» **Required action**: Any picture in the listing is left out of the copy; all else is duplicated exactly.

──────── Supplied data ────────

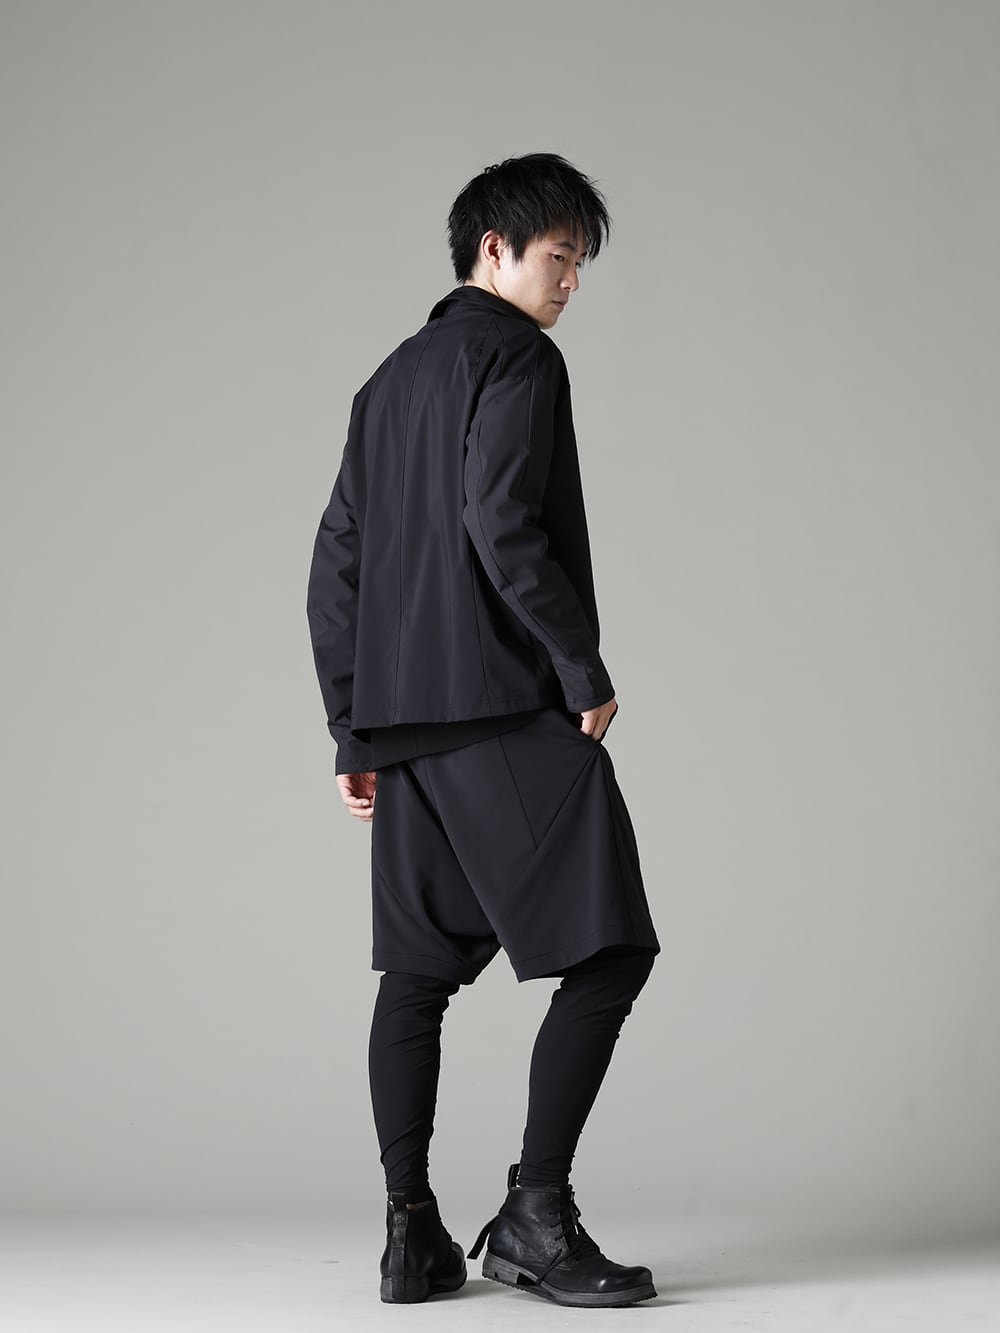 BLOG DEVOA Stretch Dry 22-23AW FASCINATE - Skin” EXIST ”Layered Pants
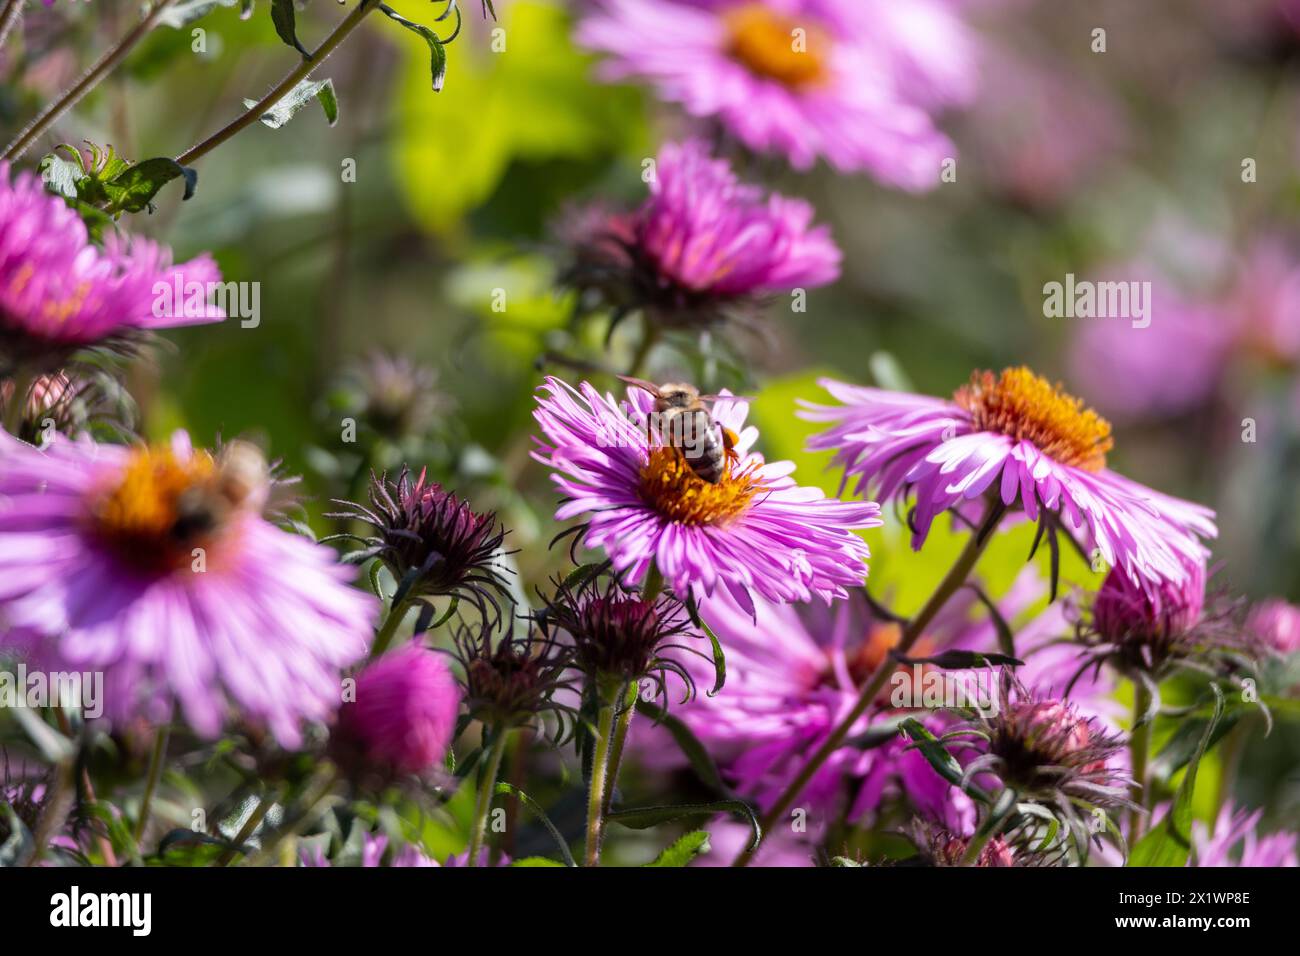 pink flowers of the aster close up. Aster Dumosus Stock Photo
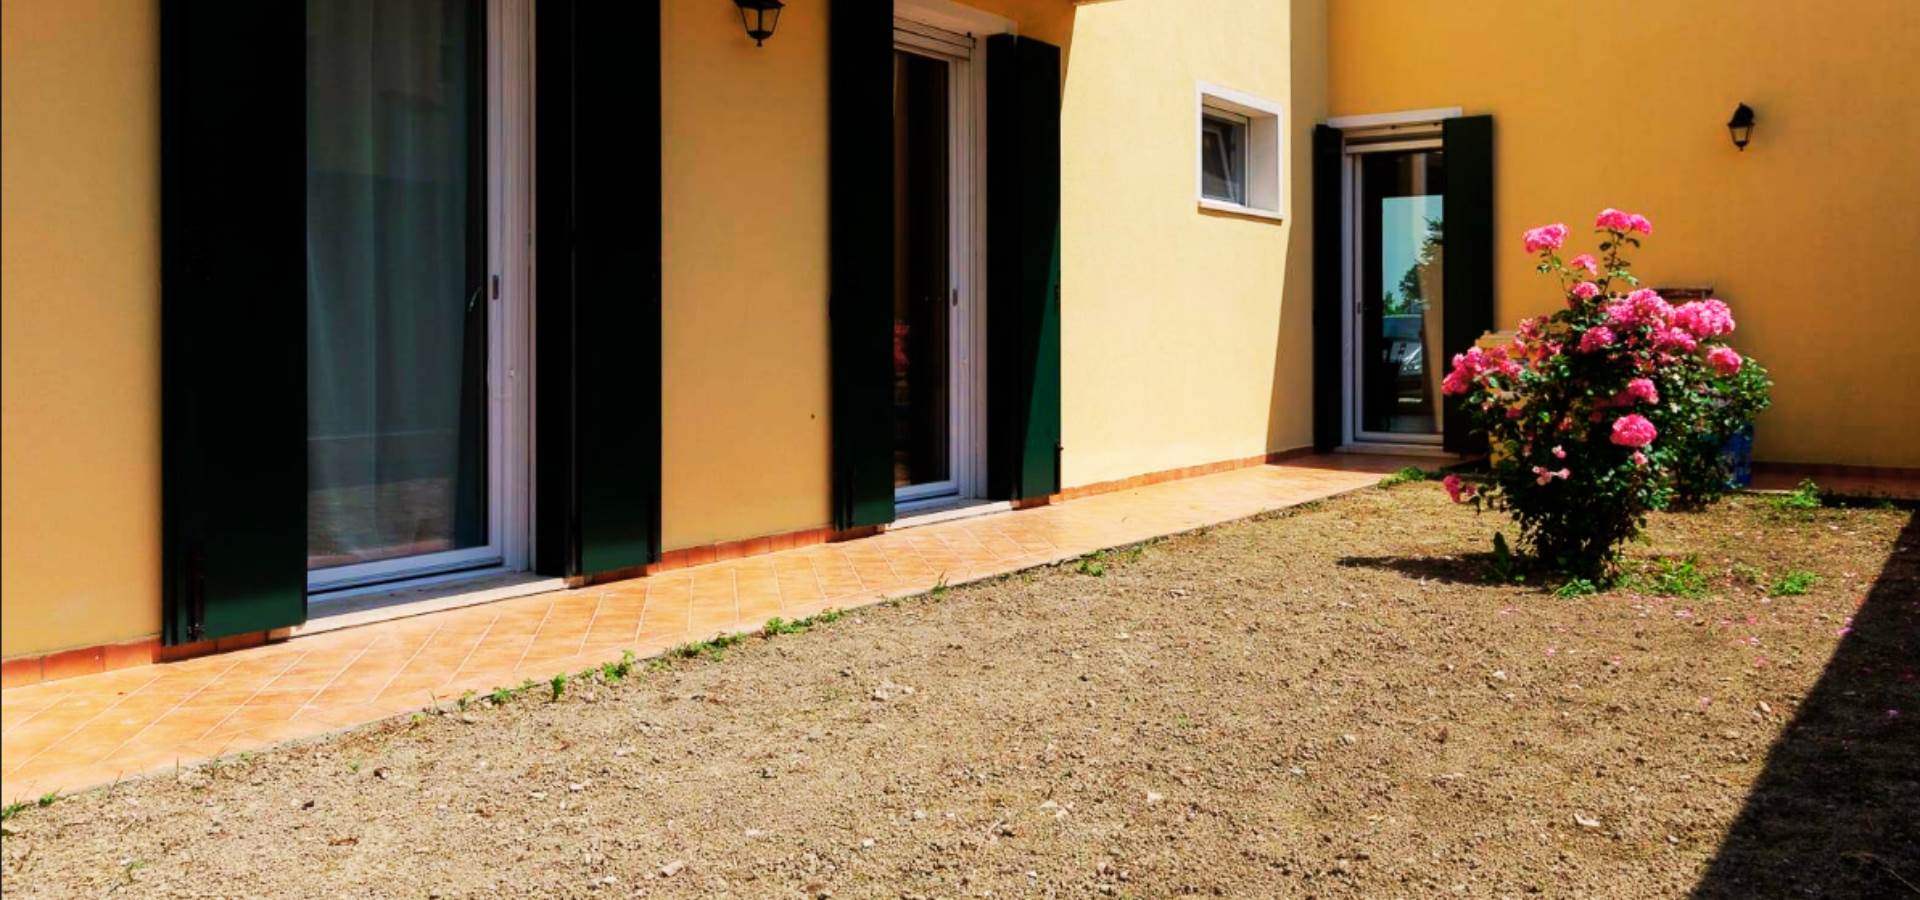 TEGLIO VENETO, Apartment for sale of 74 Sq. mt., Excellent Condition, Heating Individual heating system, Energetic class: C, placed at Ground, composed by: 3 Rooms, Kitchenette, 2 Bedrooms, 1 
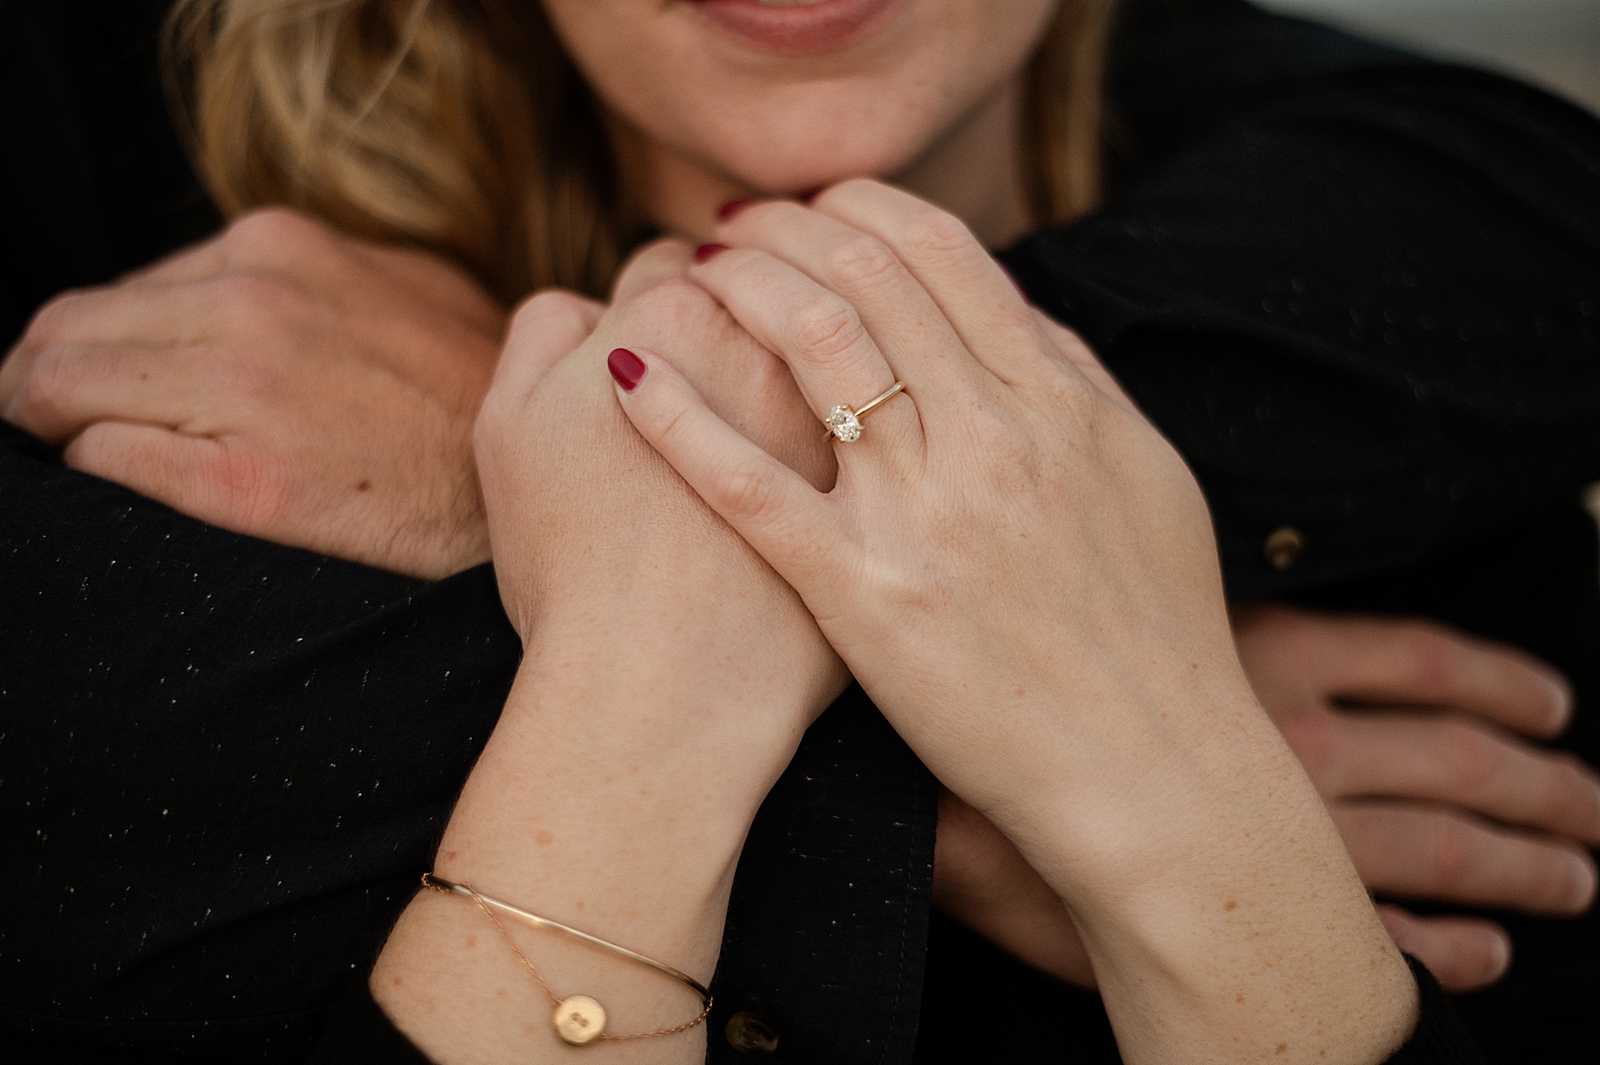 Closeup of man's arms wrapped around woman and showing off engagement ring

────────

» **Solved exercise**:
 BLOG DEVOA Stretch Dry 22-23AW FASCINATE - Skin” EXIST ”Layered Pants
 pink flowers of the aster close up. Aster Dumosus Stock Photo
 TEGLIO VENETO, Apartment for sale of 74 Sq. mt., Excellent Condition, Heating Individual heating system, Energetic class: C, placed at Ground, composed by: 3 Rooms, Kitchenette, 2 Bedrooms, 1 
 Closeup of man's arms wrapped around woman and showing off engagement ring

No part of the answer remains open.